Prior hypotheses about the environment can be revealed by 
the presence of illusions and misperceptions under unusual 
conditions, but their functional utility lies in the ability to improve 
the performance under ecological conditions. One such prior 
hypothesis concerns the ubiquitous and highly predictable effects 
of Earth's gravity (Zago et al., 2009). Gravity plays a major role in 
determining the orientation of objects in the environment, and 
therefore the structure of our visual field. Most natural images are 
anisotropic, with more image structure at orientations parallel or 
orthogonal to the direction of gravity in a fronto-parallel plane 
(Hansen and Essock, 2004). These image anisotropics are often 
matched by corresponding anisotropics in perceptual responses, 
consistent with the hypothesis that the brain takes into account 
the statistics of the environment. The well-known "oblique effect" 

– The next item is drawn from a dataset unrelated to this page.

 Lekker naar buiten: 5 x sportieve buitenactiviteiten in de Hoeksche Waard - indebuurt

refers to the fact that contours are better discriminated when 
they are oriented vertically or horizontally (cardinal directions) 

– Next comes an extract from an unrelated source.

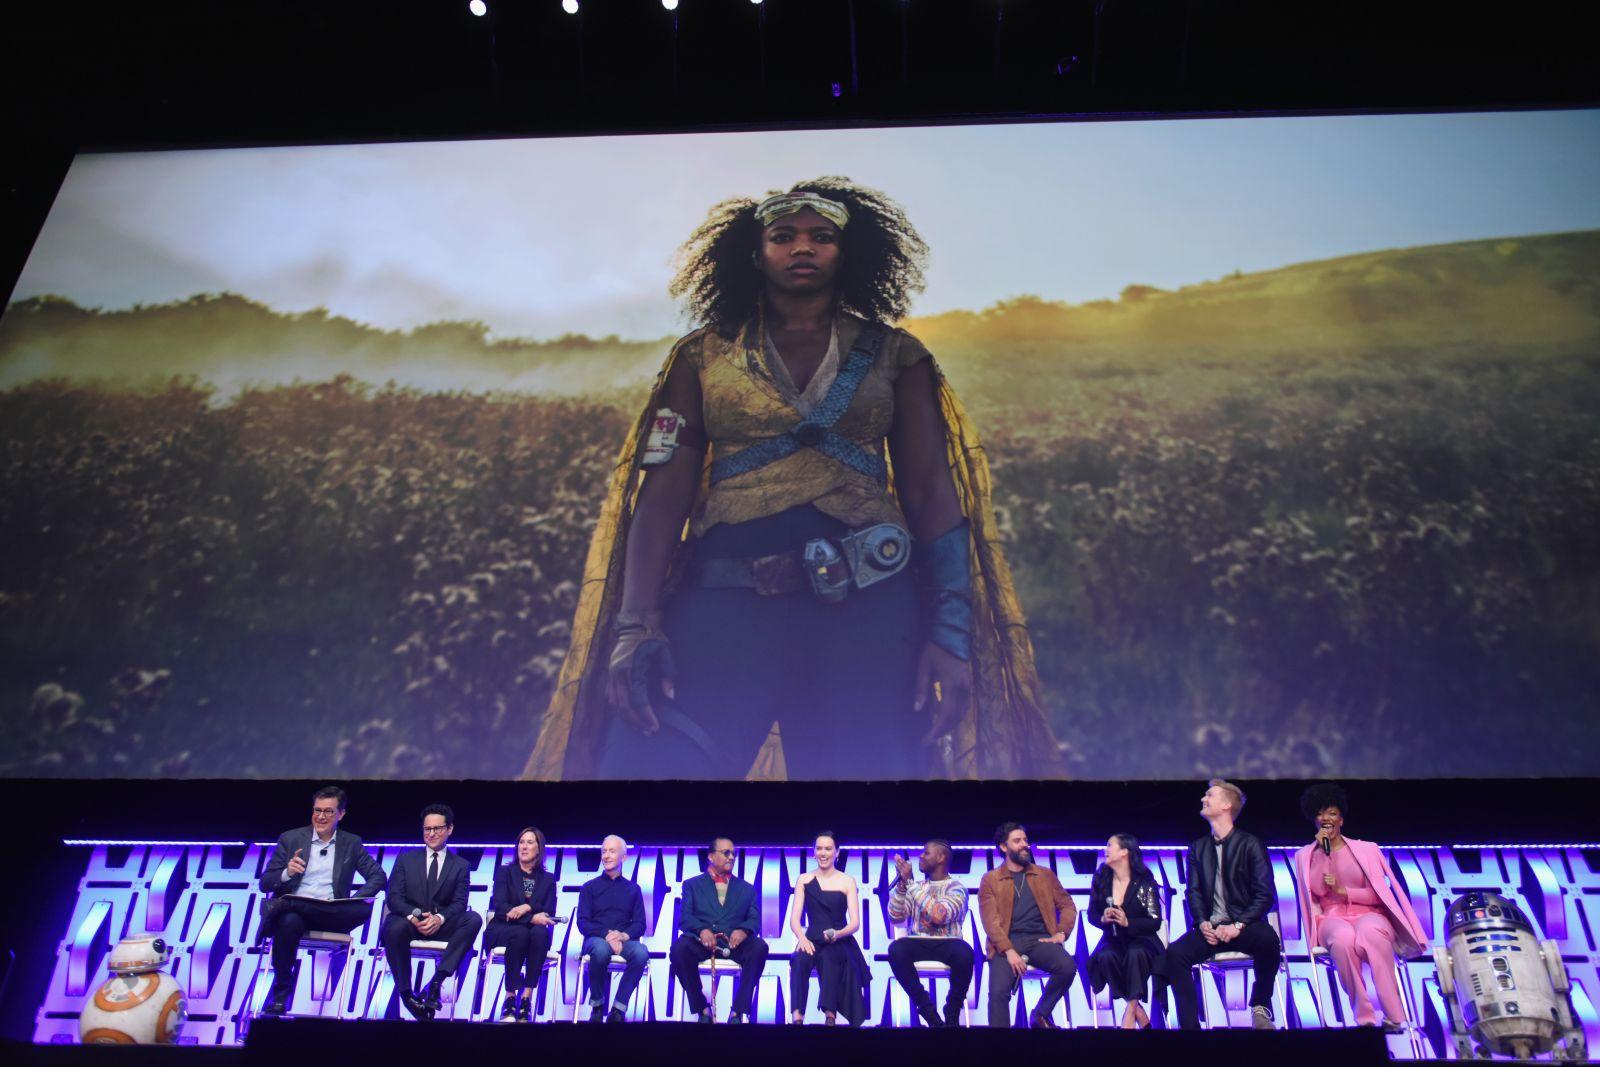 A IX. Epizód pódiumbeszélgetése (fotó: Disney)

than when they are oriented obliquely (Appelle, 1972). Simi- 
larly, motion direction is better discriminated along cardinal than 
oblique axes (Ball and Sekuler, 1987). 

Recently, anisotropics related to the direction of motion have 
been described in a task of time perception (Moscatelli and Lac- 
quaniti, 2011). Observers were asked to judge the duration of 
motion of a target accelerating in one of four different directions, 
downward, upward, leftward, or rightward relative to a visual 
scene. Downward motion complied with the gravity constraint, 
whereas motion in the other directions violated this constraint. It 
was found that the precision of the duration estimates exhibited 
systematic anisotropics, the performance being significantly better 
for downward motion than for the other directions ( Figure 1 ) . The 
results demonstrated that prior knowledge about gravity force is 
incorporated in the neural mechanisms computing elapsed time. 
Similar mechanisms are at work when timing interception actions. 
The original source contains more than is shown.